§ Goal of the exercise:
Every line of the listing below should be written out exactly, minus its images.
[[ Data block, beginning ]]
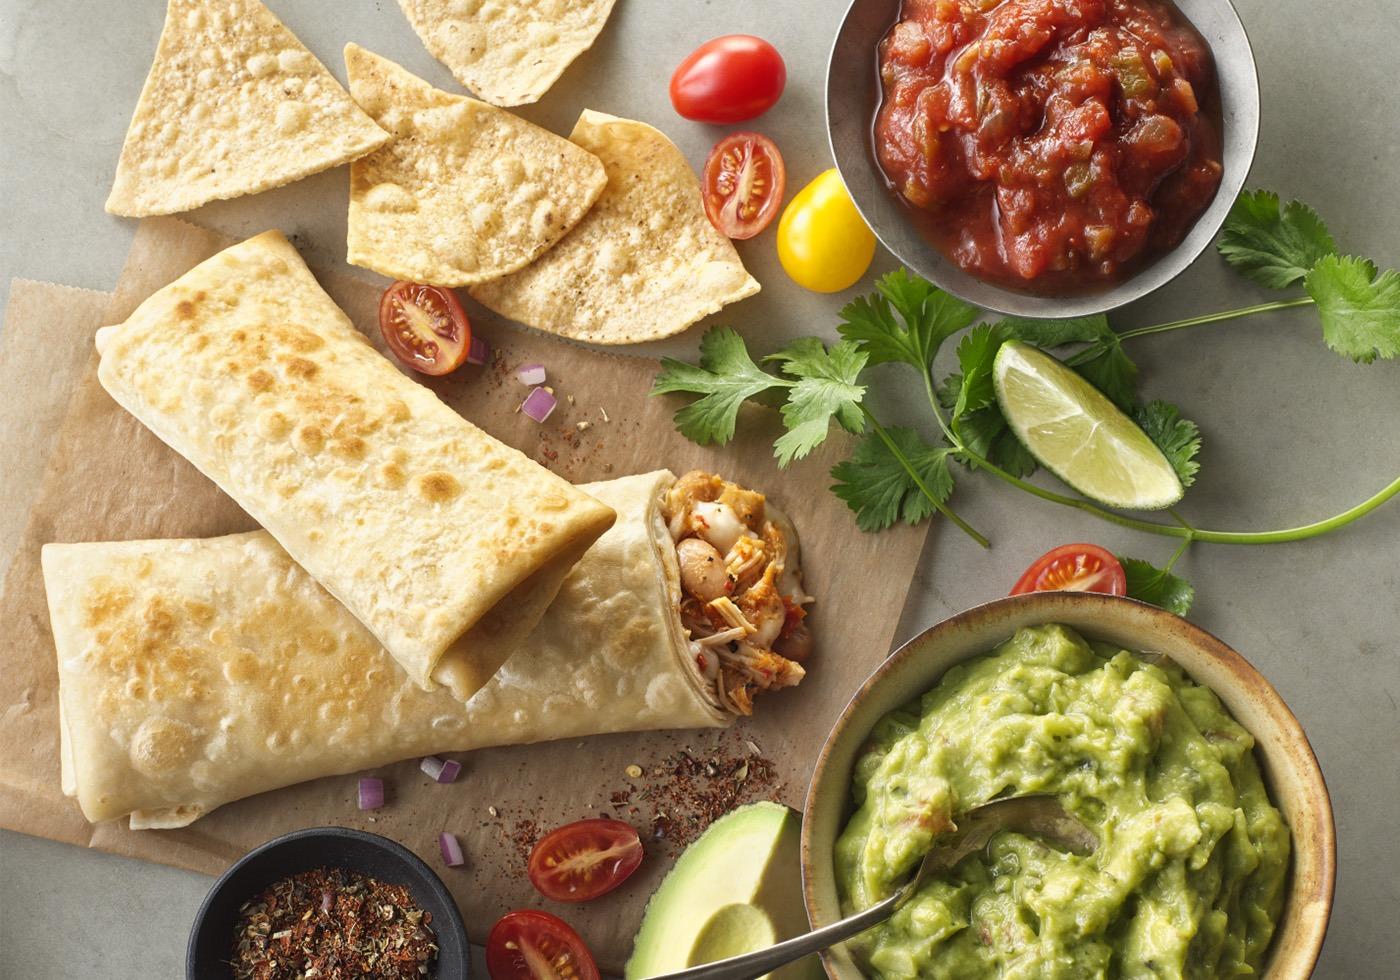 Burrito_with_guacamole_salsa
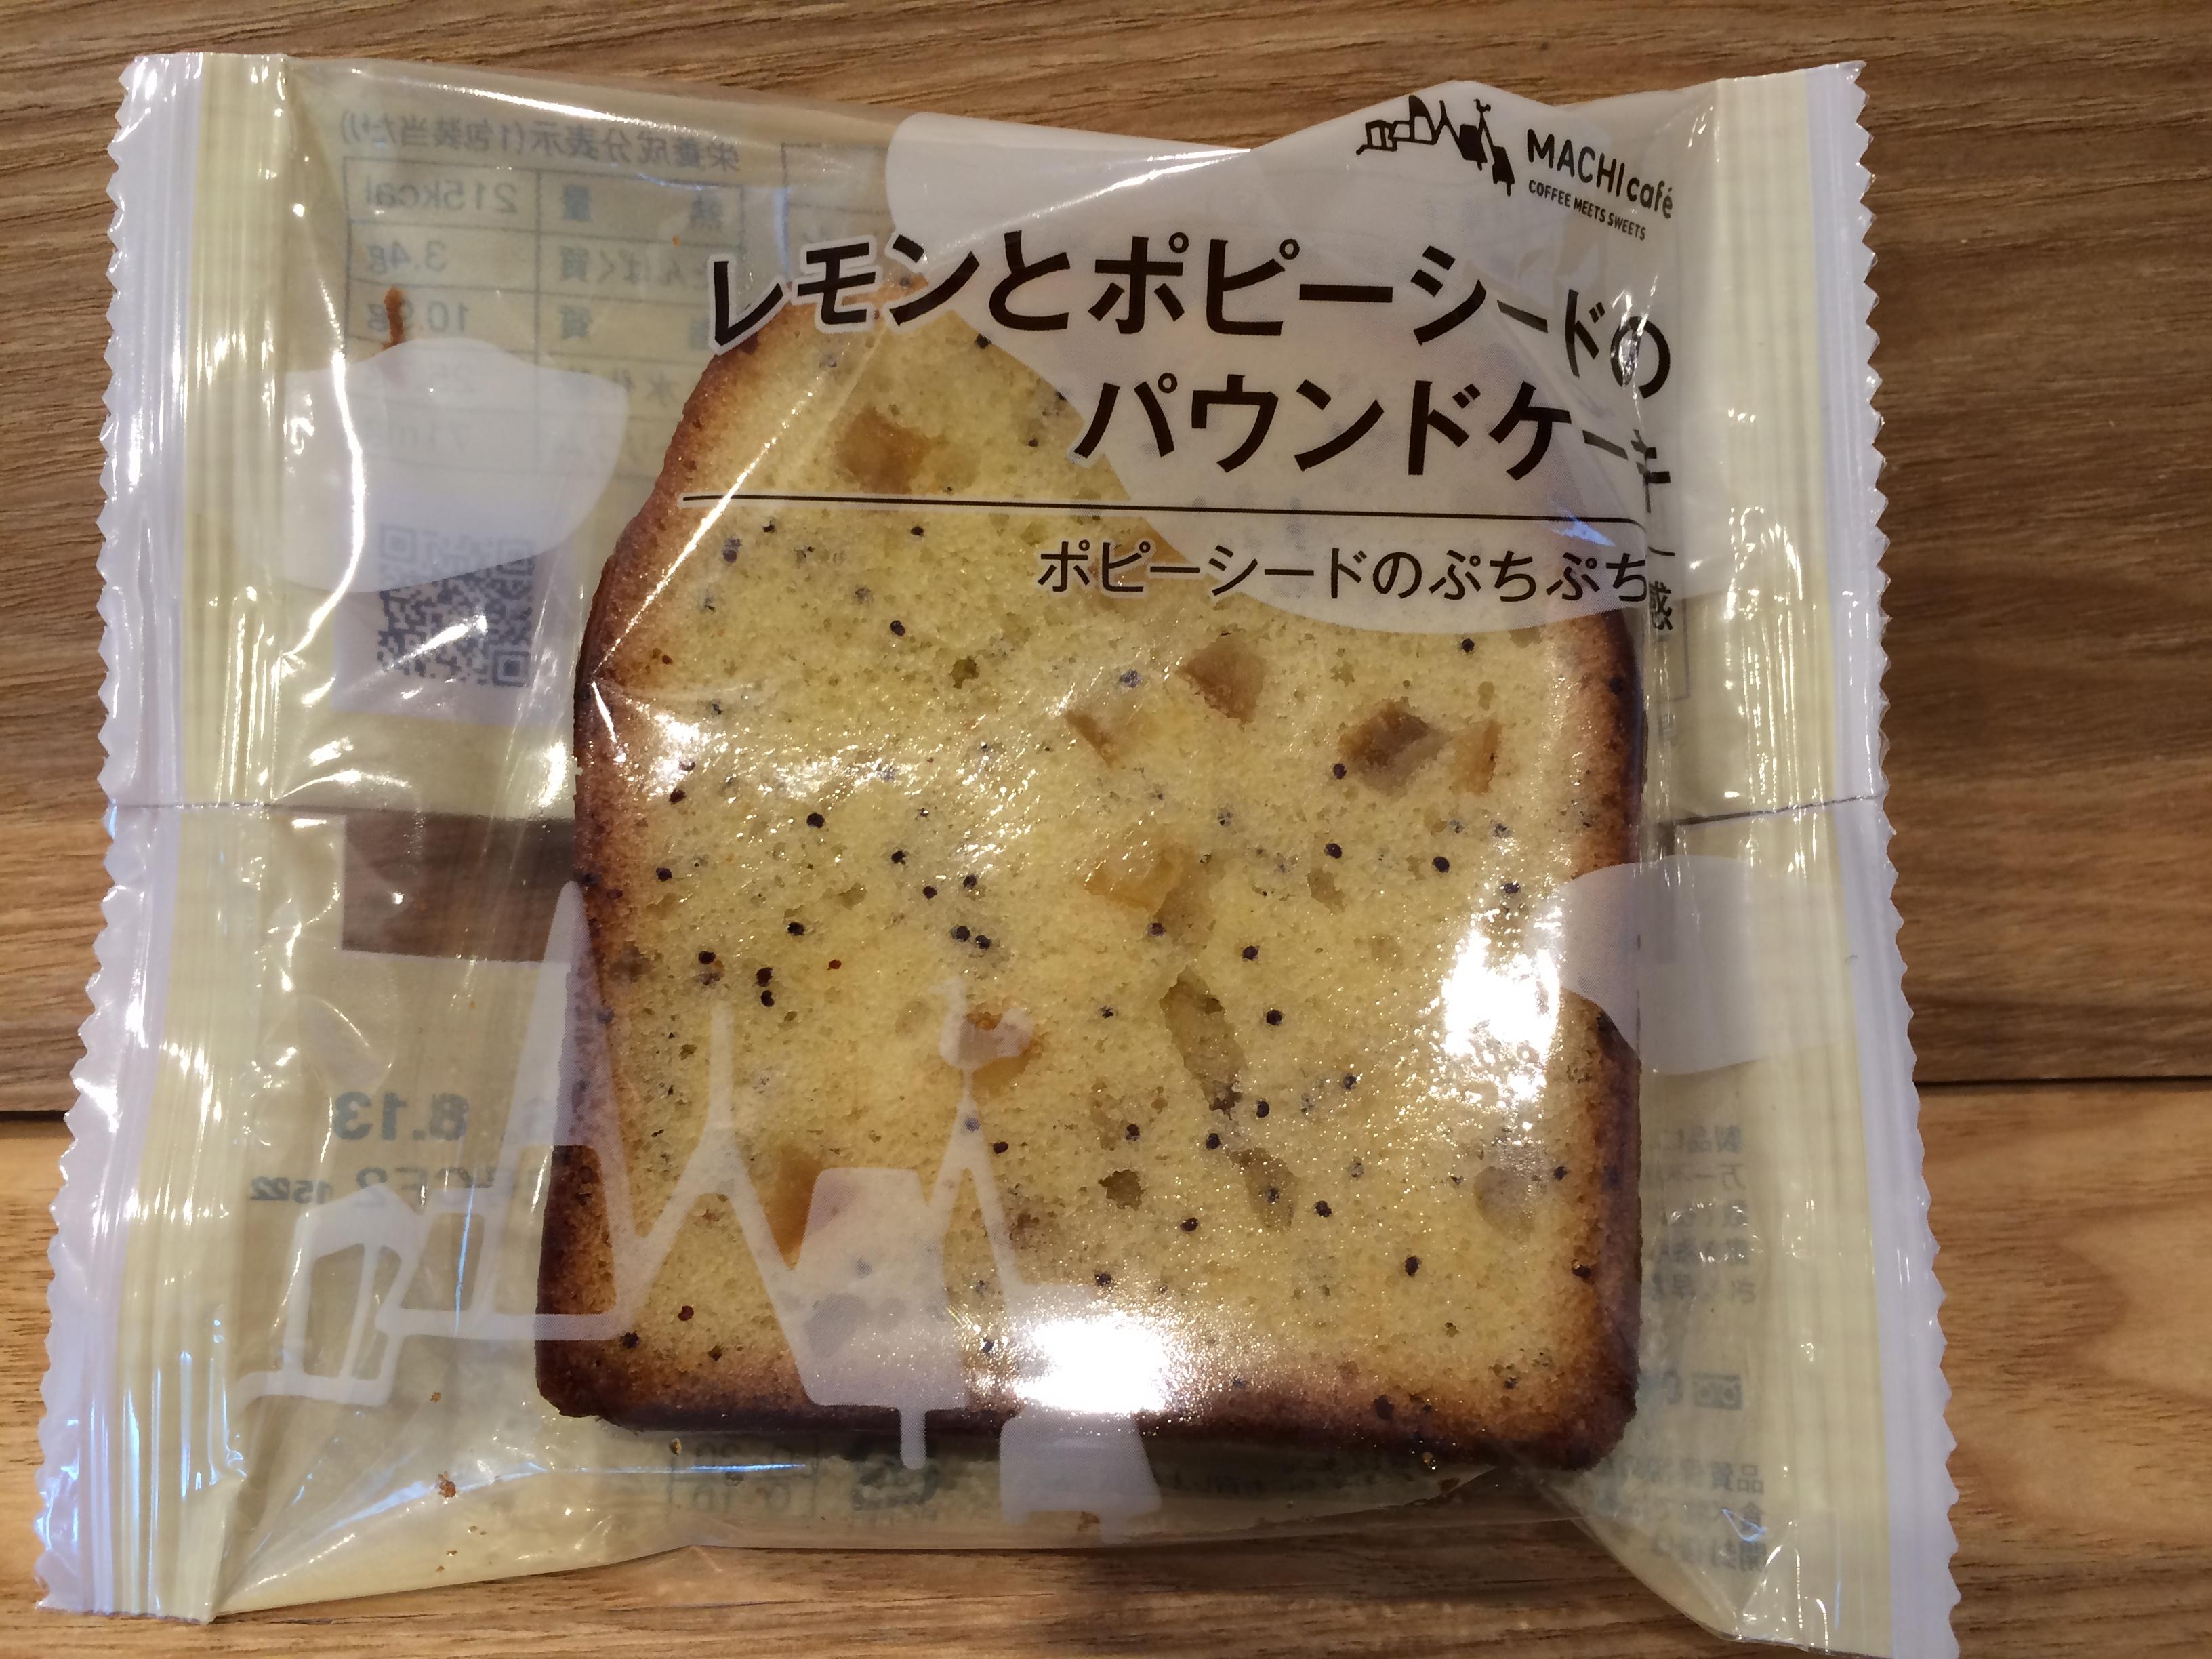 【ローソン】レモンとポピーシードのパウンドケーキの味やカロリーは?
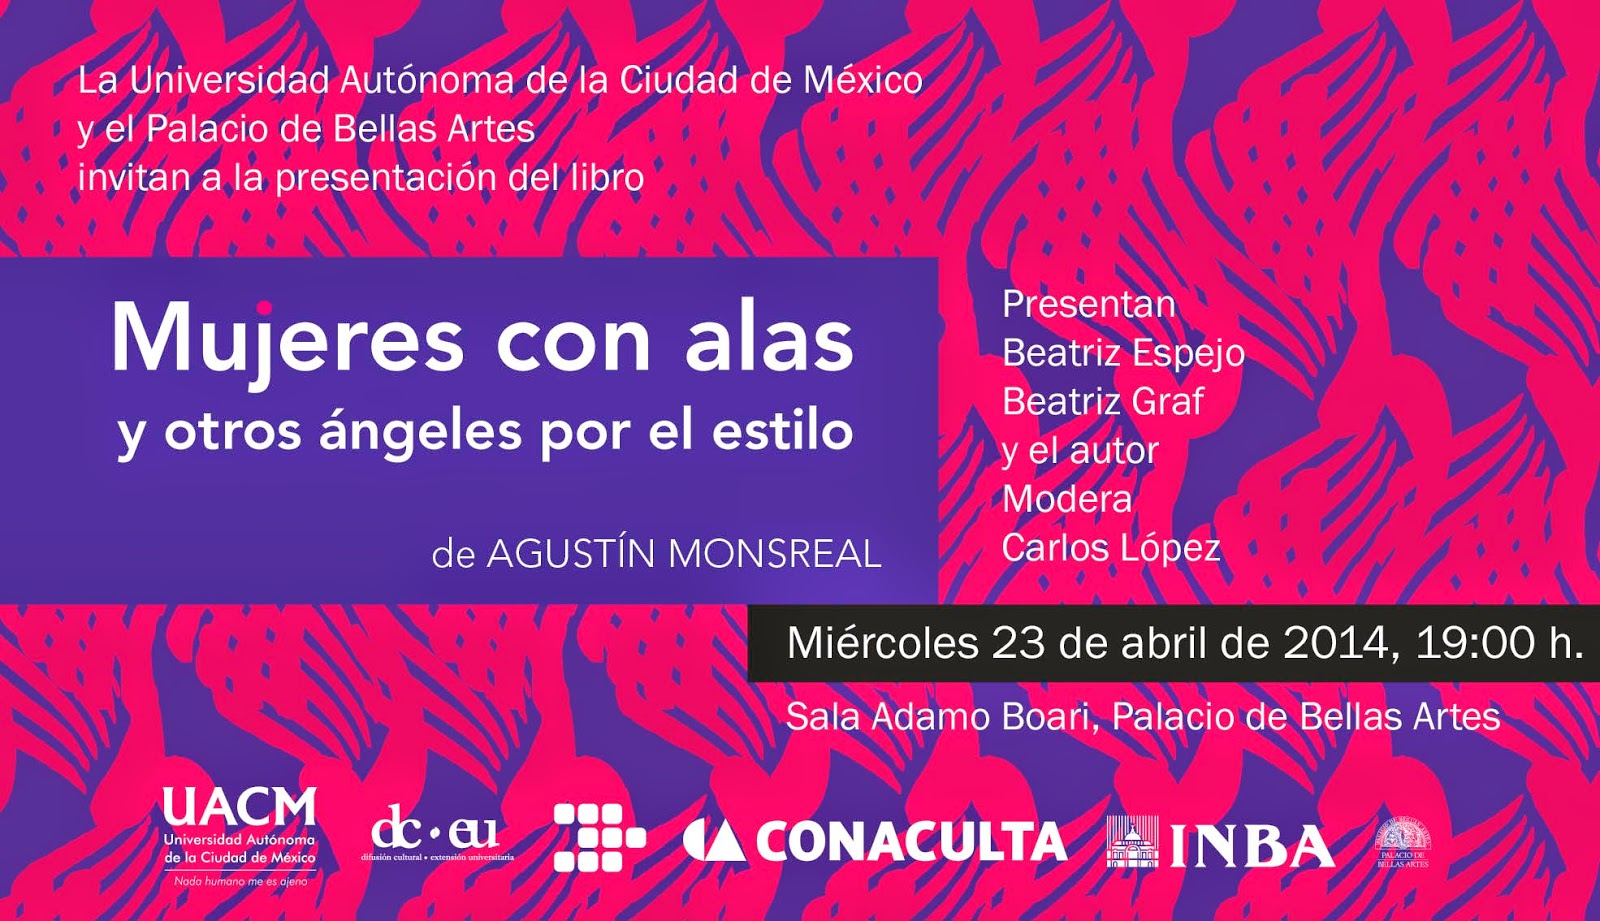 """Antología """"Mujeres con alas y otros ángeles por el estilo"""" del escritor Agustín Monsreal"""
[[ Data block, end ]]
§ Exercise answer:
 Burrito_with_guacamole_salsa
 【ローソン】レモンとポピーシードのパウンドケーキの味やカロリーは?
 """Antología """"Mujeres con alas y otros ángeles por el estilo"""" del escritor Agustín Monsreal"""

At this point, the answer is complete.